L'Observatoire national de la délinquance publie mercredi un rapport sur les atteintes sexuelles dans les transports en commun. Une victime en région parisienne témoigne de son combat pour lancer des campagnes de prévention. 

Article rédigé par Mathilde Lemaire
Radio France
Publié Mis à jour
Temps de lecture : 5min
De nombreuses femmes n'osent pas porter plainte après une atteinte sexuelle dans les transports en commun (Photo d'illustration). (MAXPPP)

L'Observatoire national de la délinquance publie mercredi 20 décembre un rapport sur les atteintes sexuelles dans les transports en commun. Jusqu’ici, le phénomène a été rarement quantifié. L'étude estime que 267 000 femmes ont été victimes de frottements, d'attouchements ou d'exhibitions dans les transports de 2014 à 2015. La plupart ont moins de 30 ans, la moitié est usagère des transports en Ile-de-France et peu portent plainte.

Trois agressions en un an 

La ligne 13 du métro parisien, entre Montrouge et Saint-Denis, est fréquentée par Alice, une jeune femme de 25 ans. Arrivée à Paris il y a un an, elle a déjà été trois fois victime d'atteintes sexuelles dans le métro. À chaque fois, le scénario est le même : des hommes, qu’on appelle des "frotteurs", profitent des heures de pointe pour se placer derrière elle. "Il est 16h13, place de Clichy.
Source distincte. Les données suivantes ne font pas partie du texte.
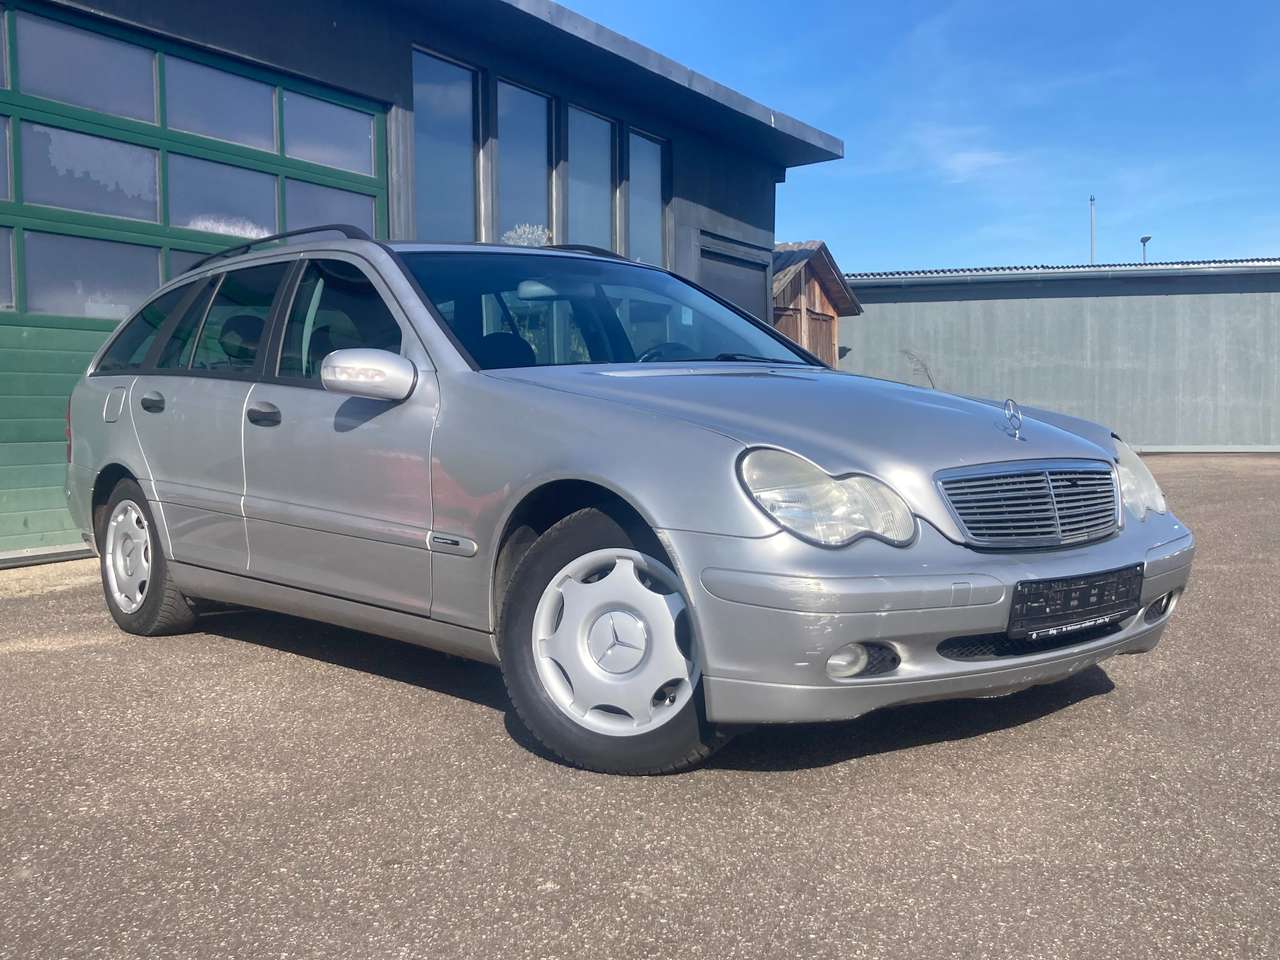 Used Mercedes Benz C-Class 220 CDI
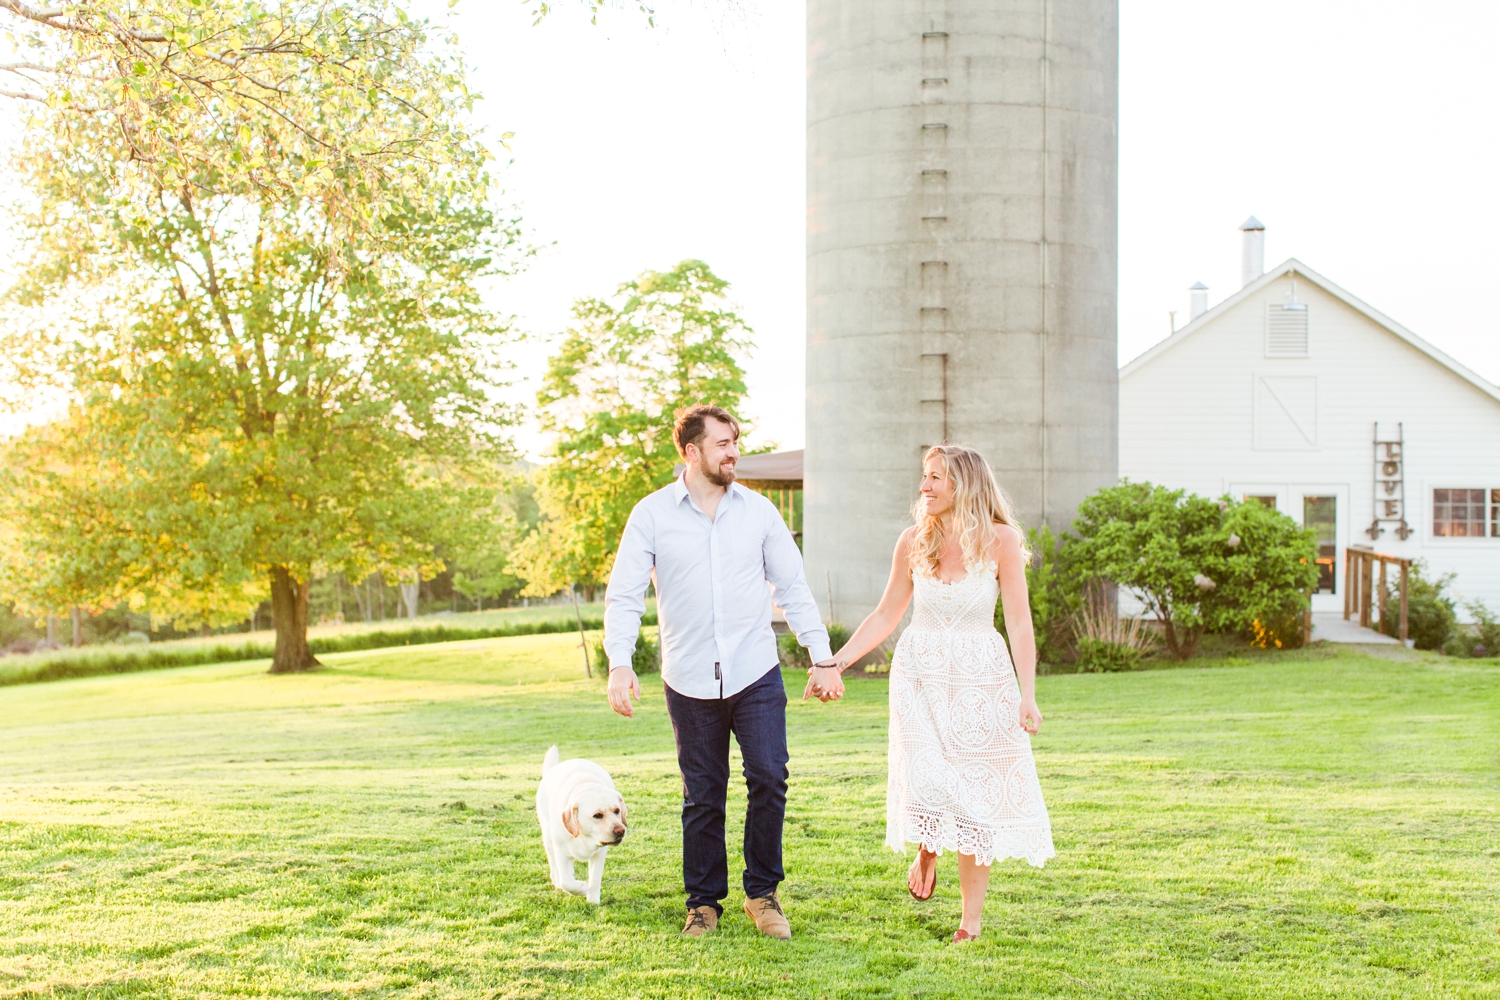 candlelight-farms-inn-engagement-session-new-milford-connecticut-wedding-photographer-shaina-lee-photography-photo

Il commence à y avoir du monde dans le métro et c’est compliqué d’avoir son petite espace à soi. Et ça laisse un peu plus le champ libre aux frotteurs", témoigne la jeune femme un après-midi de décembre. "Ces hommes frottent leur bassin ou leur pénis. D’autres laissent tomber leurs mains et vous effleurent les fesses", explique-t-elle.

La première fois, je n’ai pas bougé, je n’ai pas réagi, je n’en ai même pas parlé à mon copain. J’étais un peu dans un état bizarre : sidération, culpabilité, sentiment qu’on m’a abusée.
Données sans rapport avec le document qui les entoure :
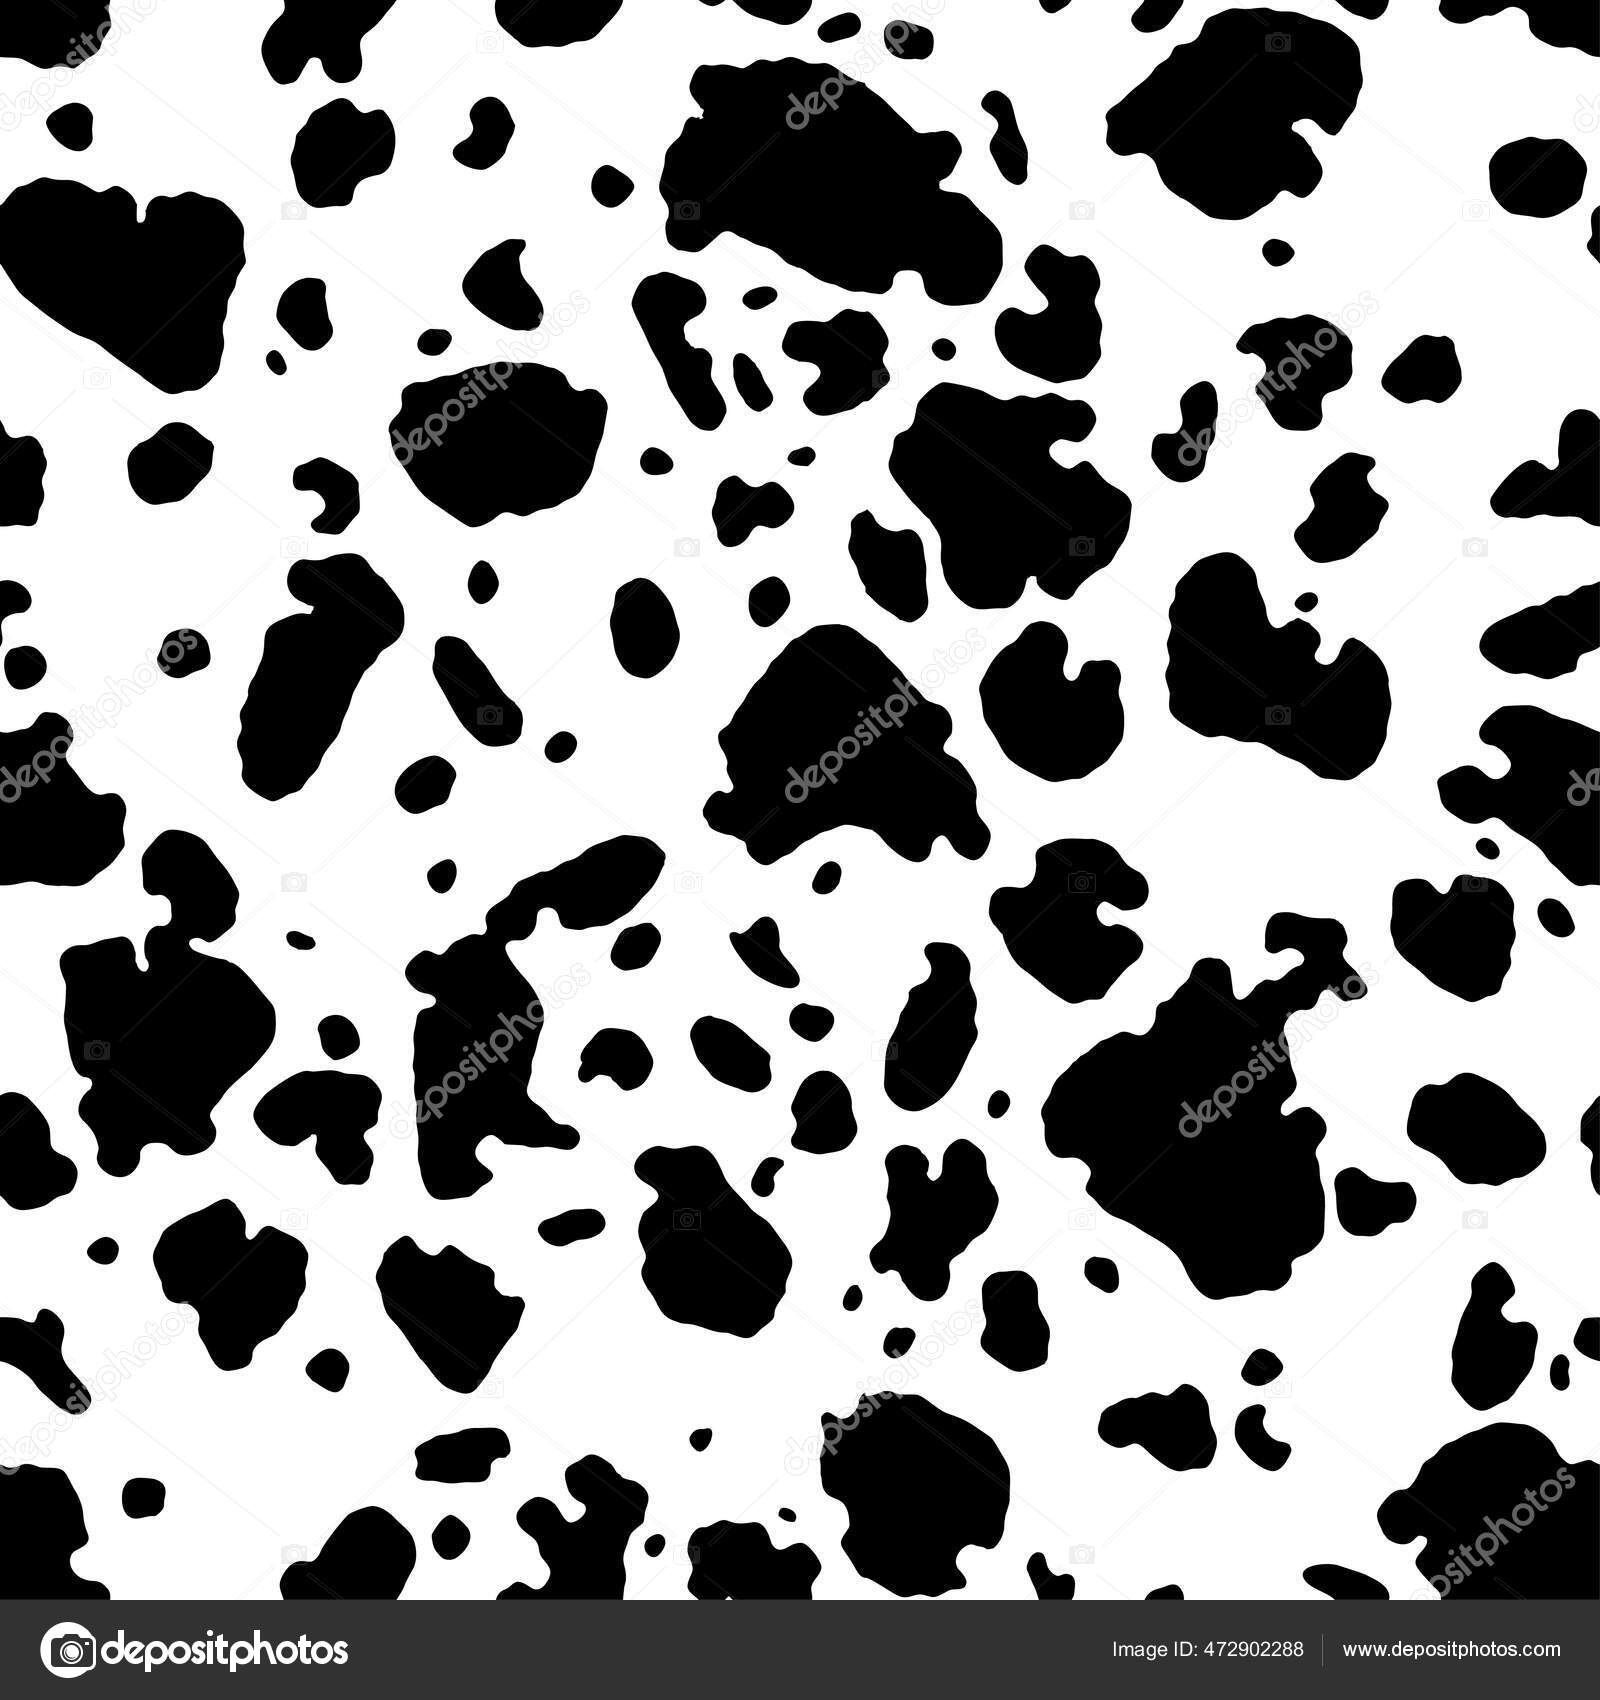 100+] Cow Print Wallpapers

Alice, usagère du métro de la ligne 13 à Paris

à franceinfo

Certains frotteurs coupent l'intérieur de leurs poches de pantalons pour se toucher ou soulèvent les jupes. D'autres montrent leur sexe. Il y a aussi ceux qui se cachent derrière une sacoche ou un journal pour se masturber. Quasiment tous opèrent à l'intérieur de rames en mouvement pour pouvoir fuir entre deux stations s'ils se font repérer.  

Le déclic de la réaction pour dénoncer l'insupportable

Alice a décidé de réagir après avoir discuté avec des amies, des collègues. La jeune femme a réalisé que son cas était loin d'être isolé. Elle a choisi de rédiger une lettre ouverte à la présidente de la RATP, Catherine Gouillard, afin de l'alerter sur une réalité trop souvent passée sous silence. Alice demande bien davantage que la campagne d'affichage déployée dans le métro, il y a deux ans. Elle réclame des affiches dans les rames et des messages audio de mise en garde. En septembre dernier, pour appuyer ses doléances, elle a aussi lancé une pétition recueillant près de 60 000 signatures.
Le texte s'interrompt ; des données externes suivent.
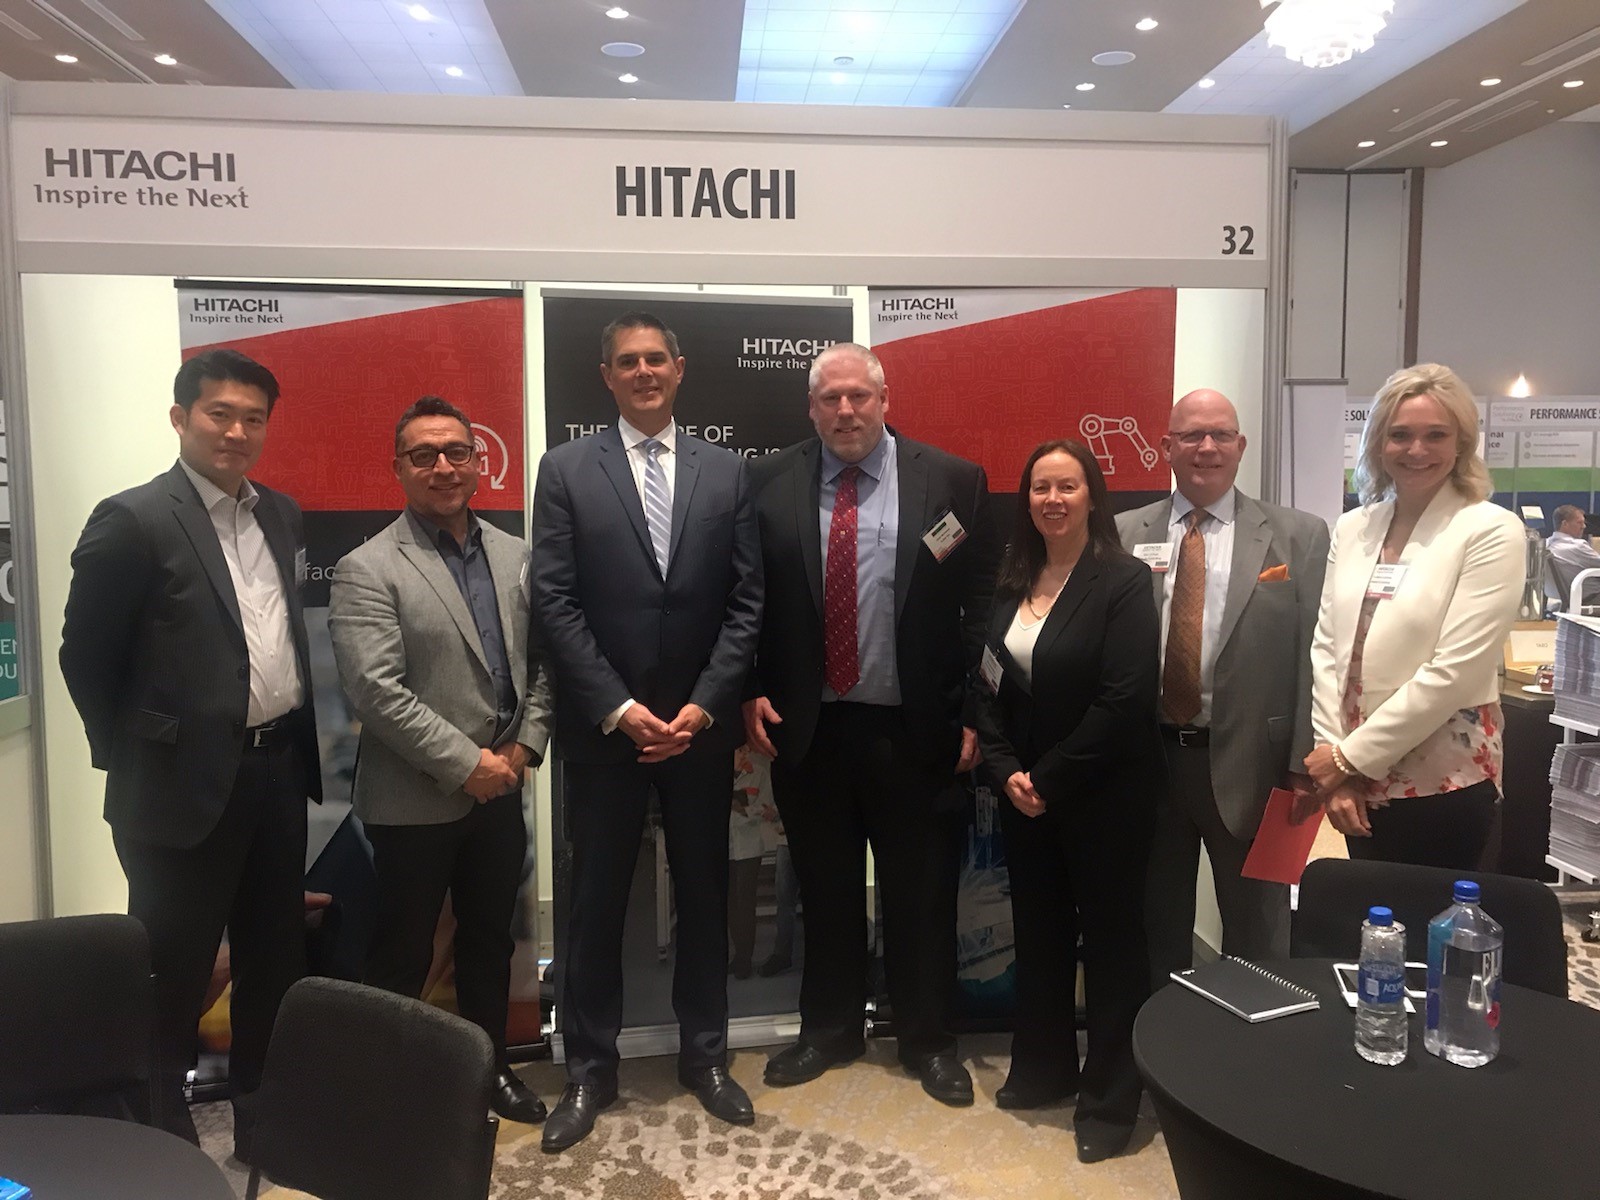 Hitachi platinum sponsor for the North American Manufacturing Excellence Summit 2019

Il y a de l'affichage pour dire aux gens qu’ils n’ont pas le droit de voler, de jeter leurs cigarettes par terre. Pourquoi les frotteurs ne savent pas qu’ils risquent cinq ans d’emprisonnement et 75 000 euros d’amende ?

Alice

à franceinfo

Alice a frappé aux portes. Elle a été reçue par la présidente de la Région Ile-de-France, Valérie Pécresse, puis par de hauts responsables de la RATP. Une ténacité payante. La jeune femme dit avoir obtenu l'assurance qu'une nouvelle campagne de prévention contre les atteintes sexuelles dans les bus et les métros débuterait fin mars 2018. Elle espère y être associée.  

L'atteinte sexuelle est autre chose qu'une incivilité

Le nombre de plaintes après une atteinte sexuelle dans les transports en commun n'est pas chiffré, mais on se doute que le taux est très bas. Il faut mettre fin à ce tabou, à ce silence, déclare la commissaire Amandine Matricon-Charlot, à la tête de la Sûreté régionale des transports (SRT) en Ile-de-France.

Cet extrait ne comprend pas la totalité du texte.